● **Record set**

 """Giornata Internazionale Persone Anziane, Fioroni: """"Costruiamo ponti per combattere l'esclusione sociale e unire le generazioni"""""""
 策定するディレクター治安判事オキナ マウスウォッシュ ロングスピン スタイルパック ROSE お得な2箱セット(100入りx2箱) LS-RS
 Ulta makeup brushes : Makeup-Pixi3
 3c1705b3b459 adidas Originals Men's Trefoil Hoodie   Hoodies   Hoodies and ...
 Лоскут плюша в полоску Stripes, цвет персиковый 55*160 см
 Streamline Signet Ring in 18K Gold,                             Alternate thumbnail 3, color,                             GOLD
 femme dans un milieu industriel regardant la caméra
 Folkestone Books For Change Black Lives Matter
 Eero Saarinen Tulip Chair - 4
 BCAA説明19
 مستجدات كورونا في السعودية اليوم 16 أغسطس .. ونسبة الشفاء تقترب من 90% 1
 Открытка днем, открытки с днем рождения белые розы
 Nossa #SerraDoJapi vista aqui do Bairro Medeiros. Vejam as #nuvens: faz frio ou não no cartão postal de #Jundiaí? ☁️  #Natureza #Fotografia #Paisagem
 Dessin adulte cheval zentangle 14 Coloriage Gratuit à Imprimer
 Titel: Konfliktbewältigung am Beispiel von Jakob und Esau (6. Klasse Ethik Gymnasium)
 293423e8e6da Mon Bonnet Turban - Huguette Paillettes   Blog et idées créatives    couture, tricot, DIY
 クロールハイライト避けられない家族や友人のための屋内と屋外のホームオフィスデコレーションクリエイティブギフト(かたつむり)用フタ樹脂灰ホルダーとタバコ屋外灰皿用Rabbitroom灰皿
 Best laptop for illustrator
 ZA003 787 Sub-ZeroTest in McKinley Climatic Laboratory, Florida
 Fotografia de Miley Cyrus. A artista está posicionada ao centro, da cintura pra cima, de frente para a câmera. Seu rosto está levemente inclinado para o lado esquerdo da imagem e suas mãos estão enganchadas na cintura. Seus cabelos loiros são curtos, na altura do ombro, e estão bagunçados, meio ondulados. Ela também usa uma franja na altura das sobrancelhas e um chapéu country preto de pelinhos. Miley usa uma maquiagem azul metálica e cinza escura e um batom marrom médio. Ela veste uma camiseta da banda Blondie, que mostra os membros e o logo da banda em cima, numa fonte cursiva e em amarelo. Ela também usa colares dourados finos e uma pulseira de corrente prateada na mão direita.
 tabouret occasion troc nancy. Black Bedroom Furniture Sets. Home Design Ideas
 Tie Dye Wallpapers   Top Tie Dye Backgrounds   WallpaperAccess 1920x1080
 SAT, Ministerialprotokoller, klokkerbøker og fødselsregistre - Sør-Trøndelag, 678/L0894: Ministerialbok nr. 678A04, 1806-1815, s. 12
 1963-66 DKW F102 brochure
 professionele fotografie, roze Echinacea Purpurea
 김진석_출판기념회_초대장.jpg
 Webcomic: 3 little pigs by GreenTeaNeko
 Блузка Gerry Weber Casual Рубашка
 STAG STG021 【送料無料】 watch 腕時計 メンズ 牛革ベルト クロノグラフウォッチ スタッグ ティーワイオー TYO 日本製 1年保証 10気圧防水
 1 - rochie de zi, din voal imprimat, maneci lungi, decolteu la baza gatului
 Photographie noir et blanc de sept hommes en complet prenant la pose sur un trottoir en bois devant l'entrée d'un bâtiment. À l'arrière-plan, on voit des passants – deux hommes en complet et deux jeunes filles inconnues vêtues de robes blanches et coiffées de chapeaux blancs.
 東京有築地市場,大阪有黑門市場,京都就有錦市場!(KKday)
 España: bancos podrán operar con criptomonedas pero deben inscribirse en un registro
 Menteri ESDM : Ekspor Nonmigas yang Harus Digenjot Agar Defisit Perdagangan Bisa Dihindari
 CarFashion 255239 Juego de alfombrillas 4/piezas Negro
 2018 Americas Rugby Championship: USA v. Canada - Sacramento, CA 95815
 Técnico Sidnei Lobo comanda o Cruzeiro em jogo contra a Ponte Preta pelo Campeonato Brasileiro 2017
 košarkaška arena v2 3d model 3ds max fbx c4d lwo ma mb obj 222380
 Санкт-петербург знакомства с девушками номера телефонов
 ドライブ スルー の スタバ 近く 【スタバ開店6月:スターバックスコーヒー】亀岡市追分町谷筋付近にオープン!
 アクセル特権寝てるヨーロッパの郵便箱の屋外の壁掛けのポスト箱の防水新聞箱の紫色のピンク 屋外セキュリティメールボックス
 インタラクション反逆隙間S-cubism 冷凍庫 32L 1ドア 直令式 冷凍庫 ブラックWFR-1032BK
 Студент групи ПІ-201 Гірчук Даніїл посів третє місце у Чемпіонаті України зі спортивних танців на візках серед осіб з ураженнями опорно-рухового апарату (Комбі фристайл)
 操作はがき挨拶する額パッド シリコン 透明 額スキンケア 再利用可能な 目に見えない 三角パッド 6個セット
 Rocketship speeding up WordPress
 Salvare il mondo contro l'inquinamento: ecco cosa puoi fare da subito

● **About this exercise**
Take every line from the records that holds "Black" and copy it down.

● **Output of the task**
 Folkestone Books For Change Black Lives Matter
 tabouret occasion troc nancy. Black Bedroom Furniture Sets. Home Design Ideas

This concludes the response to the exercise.